It might be good to put some extra nuance to this in order to prevent people from thinking that such an insight comes abruptly.
After all, unnoticed, we have often created an opinion about the self.
That is, we think ‘I am this’ and can reason this out for ourselves. With the first hairline cracks that arise from meditation and contemplating non-self it is possible that this view diminishes in strength and stops at some point.
The next step is when we notice that we still have the ‘I am’ thought. We may no longer have a comprehensive view about it, but still experience our ‘personal’ existence as a real entity.
By continuing to develop concentration and insight, this too can be transcended at some point.
But even then we are not finished.
Even for those who have made the superhuman effort to transcend the ‘I am’ level, the perception ‘I’ remains. By this we mean that as soon as we open our eyes and look into the world we do this from an ‘I’.

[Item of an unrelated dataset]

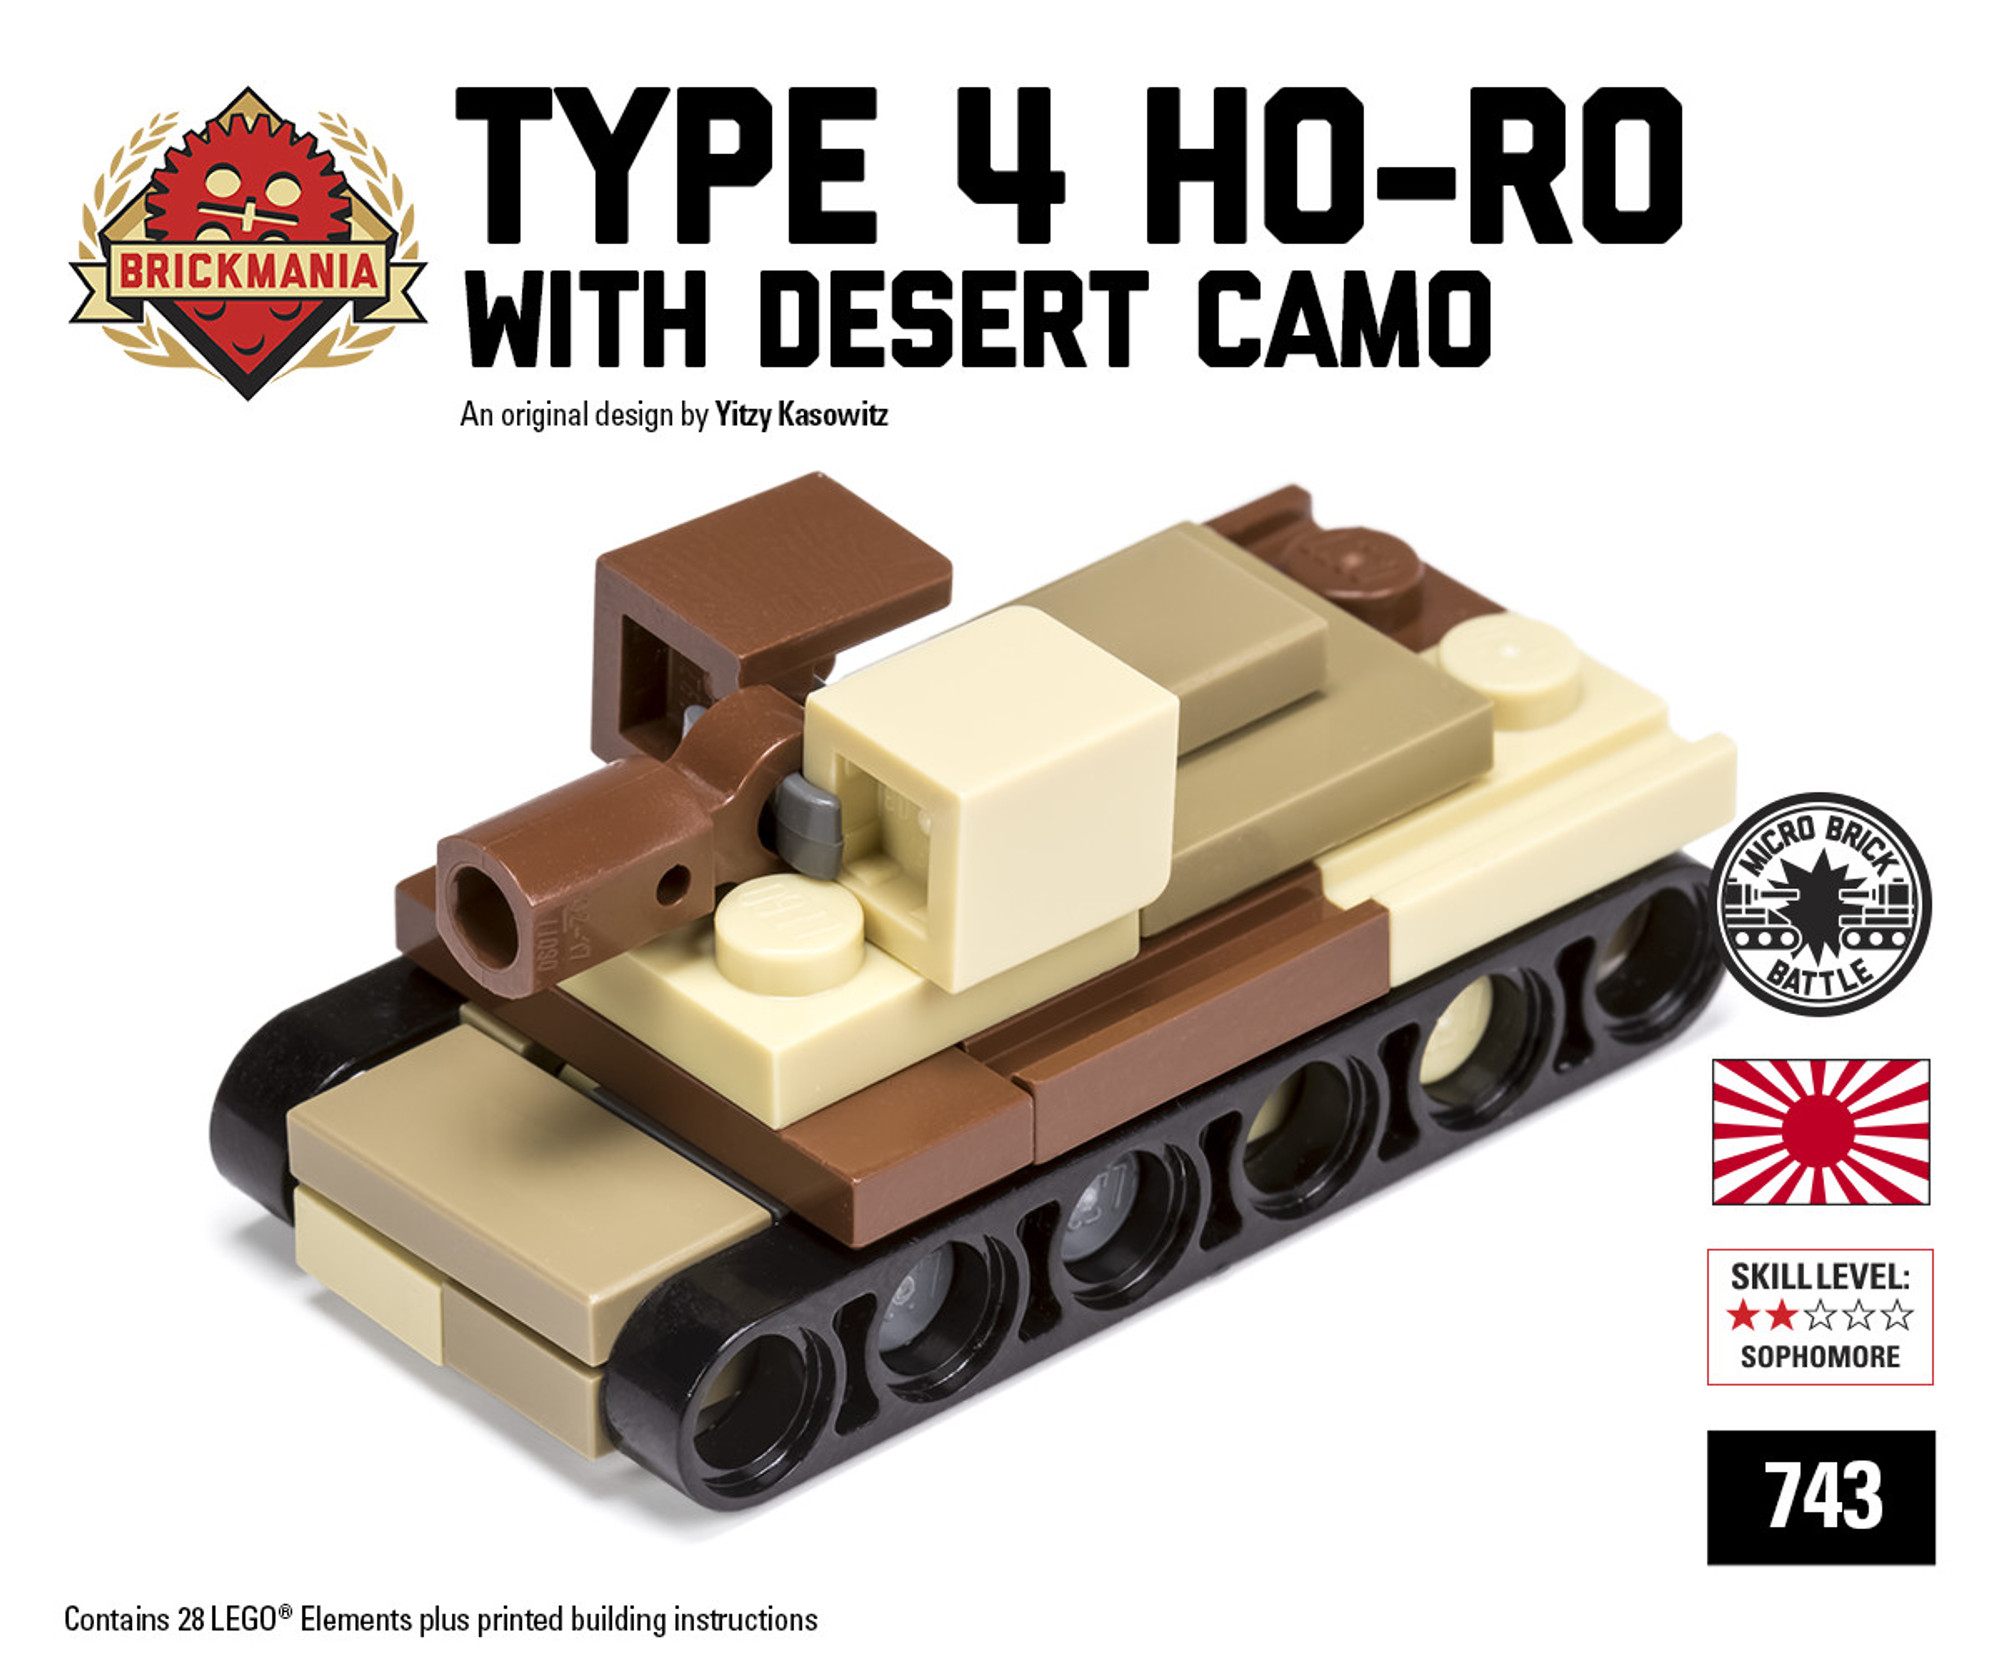 Brickmania Toys on X: The Panzer IV Micro-tank is available to order  through our website! This is designed for our Micro Brick Battle game    / X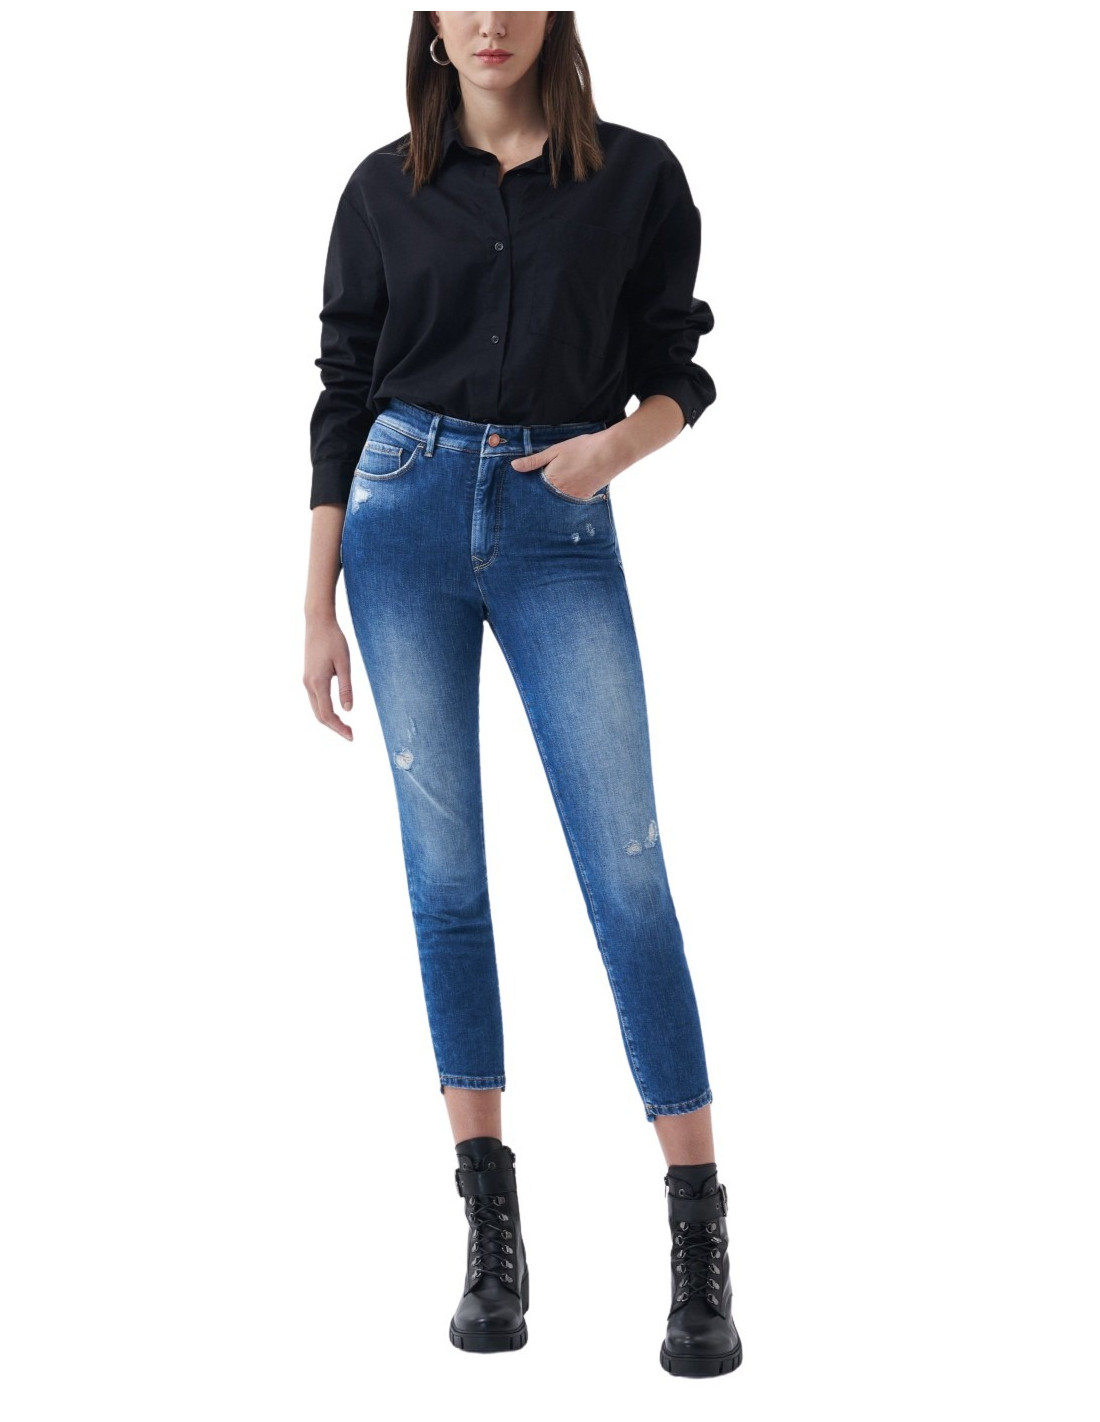 SALSA JEANS skinny push secret glamour cropped azul intenso para Mujer

Only at the very last step towards liberation can this ‘I’ be given up.
So do not think too easily about giving up the self, for it is not easy. And do not rejoice too much (maybe only a little) when you have taken a first small step, for the road is long and it takes a lot of patience and effort to really get to the deepest level through one’s own experience of the rising and passing away of phenomena, the suffering that arises by clinging to them, and the non-self that is inherent in them, and thus put an end to the unsatisfactoriness of existence.
This text was previously published in The Four Noble Truths: Essence of the Dhamma.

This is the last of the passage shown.